-------- Extracted material --------

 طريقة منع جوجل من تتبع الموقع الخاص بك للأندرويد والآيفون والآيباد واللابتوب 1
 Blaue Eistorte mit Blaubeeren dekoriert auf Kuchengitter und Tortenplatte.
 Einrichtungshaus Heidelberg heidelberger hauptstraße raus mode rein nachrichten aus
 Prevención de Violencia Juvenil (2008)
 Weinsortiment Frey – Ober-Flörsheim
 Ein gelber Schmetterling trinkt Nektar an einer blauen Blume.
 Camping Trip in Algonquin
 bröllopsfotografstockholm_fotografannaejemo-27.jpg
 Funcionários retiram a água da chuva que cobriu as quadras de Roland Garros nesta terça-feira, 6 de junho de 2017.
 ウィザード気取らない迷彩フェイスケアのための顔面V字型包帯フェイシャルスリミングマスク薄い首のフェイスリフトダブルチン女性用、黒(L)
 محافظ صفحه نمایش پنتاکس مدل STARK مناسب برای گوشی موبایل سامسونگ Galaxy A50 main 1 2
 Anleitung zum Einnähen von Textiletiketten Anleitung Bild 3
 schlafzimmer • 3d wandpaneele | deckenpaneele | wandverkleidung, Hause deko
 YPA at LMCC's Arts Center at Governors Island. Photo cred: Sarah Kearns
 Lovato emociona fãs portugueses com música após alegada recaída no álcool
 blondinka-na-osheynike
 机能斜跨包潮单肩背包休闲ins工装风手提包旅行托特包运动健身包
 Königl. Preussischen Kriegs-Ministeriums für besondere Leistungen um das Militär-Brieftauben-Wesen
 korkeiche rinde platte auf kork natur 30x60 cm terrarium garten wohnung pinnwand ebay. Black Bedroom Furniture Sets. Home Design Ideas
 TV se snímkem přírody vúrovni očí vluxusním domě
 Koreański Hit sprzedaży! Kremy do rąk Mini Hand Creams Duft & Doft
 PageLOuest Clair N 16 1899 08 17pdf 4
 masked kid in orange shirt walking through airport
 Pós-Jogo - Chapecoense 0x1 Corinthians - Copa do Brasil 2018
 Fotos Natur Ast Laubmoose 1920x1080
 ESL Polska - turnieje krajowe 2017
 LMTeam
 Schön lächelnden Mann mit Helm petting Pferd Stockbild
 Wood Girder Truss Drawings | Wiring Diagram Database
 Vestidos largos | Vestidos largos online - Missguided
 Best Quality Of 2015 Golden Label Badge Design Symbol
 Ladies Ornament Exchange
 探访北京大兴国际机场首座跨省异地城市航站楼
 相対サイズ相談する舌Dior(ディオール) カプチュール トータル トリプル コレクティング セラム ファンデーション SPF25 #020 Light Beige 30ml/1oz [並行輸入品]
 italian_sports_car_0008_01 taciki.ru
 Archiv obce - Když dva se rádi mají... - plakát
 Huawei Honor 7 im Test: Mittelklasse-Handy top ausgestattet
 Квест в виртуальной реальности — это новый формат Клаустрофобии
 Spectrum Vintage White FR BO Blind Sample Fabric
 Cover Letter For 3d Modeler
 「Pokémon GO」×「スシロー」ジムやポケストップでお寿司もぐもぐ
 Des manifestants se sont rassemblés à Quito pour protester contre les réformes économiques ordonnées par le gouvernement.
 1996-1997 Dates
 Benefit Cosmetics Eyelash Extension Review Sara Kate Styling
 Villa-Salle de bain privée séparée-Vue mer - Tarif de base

--------

All lines of the data above must be repeated exactly.

 طريقة منع جوجل من تتبع الموقع الخاص بك للأندرويد والآيفون والآيباد واللابتوب 1
 Blaue Eistorte mit Blaubeeren dekoriert auf Kuchengitter und Tortenplatte.
 Einrichtungshaus Heidelberg heidelberger hauptstraße raus mode rein nachrichten aus
 Prevención de Violencia Juvenil (2008)
 Weinsortiment Frey – Ober-Flörsheim
 Ein gelber Schmetterling trinkt Nektar an einer blauen Blume.
 Camping Trip in Algonquin
 bröllopsfotografstockholm_fotografannaejemo-27.jpg
 Funcionários retiram a água da chuva que cobriu as quadras de Roland Garros nesta terça-feira, 6 de junho de 2017.
 ウィザード気取らない迷彩フェイスケアのための顔面V字型包帯フェイシャルスリミングマスク薄い首のフェイスリフトダブルチン女性用、黒(L)
 محافظ صفحه نمایش پنتاکس مدل STARK مناسب برای گوشی موبایل سامسونگ Galaxy A50 main 1 2
 Anleitung zum Einnähen von Textiletiketten Anleitung Bild 3
 schlafzimmer • 3d wandpaneele | deckenpaneele | wandverkleidung, Hause deko
 YPA at LMCC's Arts Center at Governors Island. Photo cred: Sarah Kearns
 Lovato emociona fãs portugueses com música após alegada recaída no álcool
 blondinka-na-osheynike
 机能斜跨包潮单肩背包休闲ins工装风手提包旅行托特包运动健身包
 Königl. Preussischen Kriegs-Ministeriums für besondere Leistungen um das Militär-Brieftauben-Wesen
 korkeiche rinde platte auf kork natur 30x60 cm terrarium garten wohnung pinnwand ebay. Black Bedroom Furniture Sets. Home Design Ideas
 TV se snímkem přírody vúrovni očí vluxusním domě
 Koreański Hit sprzedaży! Kremy do rąk Mini Hand Creams Duft & Doft
 PageLOuest Clair N 16 1899 08 17pdf 4
 masked kid in orange shirt walking through airport
 Pós-Jogo - Chapecoense 0x1 Corinthians - Copa do Brasil 2018
 Fotos Natur Ast Laubmoose 1920x1080
 ESL Polska - turnieje krajowe 2017
 LMTeam
 Schön lächelnden Mann mit Helm petting Pferd Stockbild
 Wood Girder Truss Drawings | Wiring Diagram Database
 Vestidos largos | Vestidos largos online - Missguided
 Best Quality Of 2015 Golden Label Badge Design Symbol
 Ladies Ornament Exchange
 探访北京大兴国际机场首座跨省异地城市航站楼
 相対サイズ相談する舌Dior(ディオール) カプチュール トータル トリプル コレクティング セラム ファンデーション SPF25 #020 Light Beige 30ml/1oz [並行輸入品]
 italian_sports_car_0008_01 taciki.ru
 Archiv obce - Když dva se rádi mají... - plakát
 Huawei Honor 7 im Test: Mittelklasse-Handy top ausgestattet
 Квест в виртуальной реальности — это новый формат Клаустрофобии
 Spectrum Vintage White FR BO Blind Sample Fabric
 Cover Letter For 3d Modeler
 「Pokémon GO」×「スシロー」ジムやポケストップでお寿司もぐもぐ
 Des manifestants se sont rassemblés à Quito pour protester contre les réformes économiques ordonnées par le gouvernement.
 1996-1997 Dates
 Benefit Cosmetics Eyelash Extension Review Sara Kate Styling
 Villa-Salle de bain privée séparée-Vue mer - Tarif de base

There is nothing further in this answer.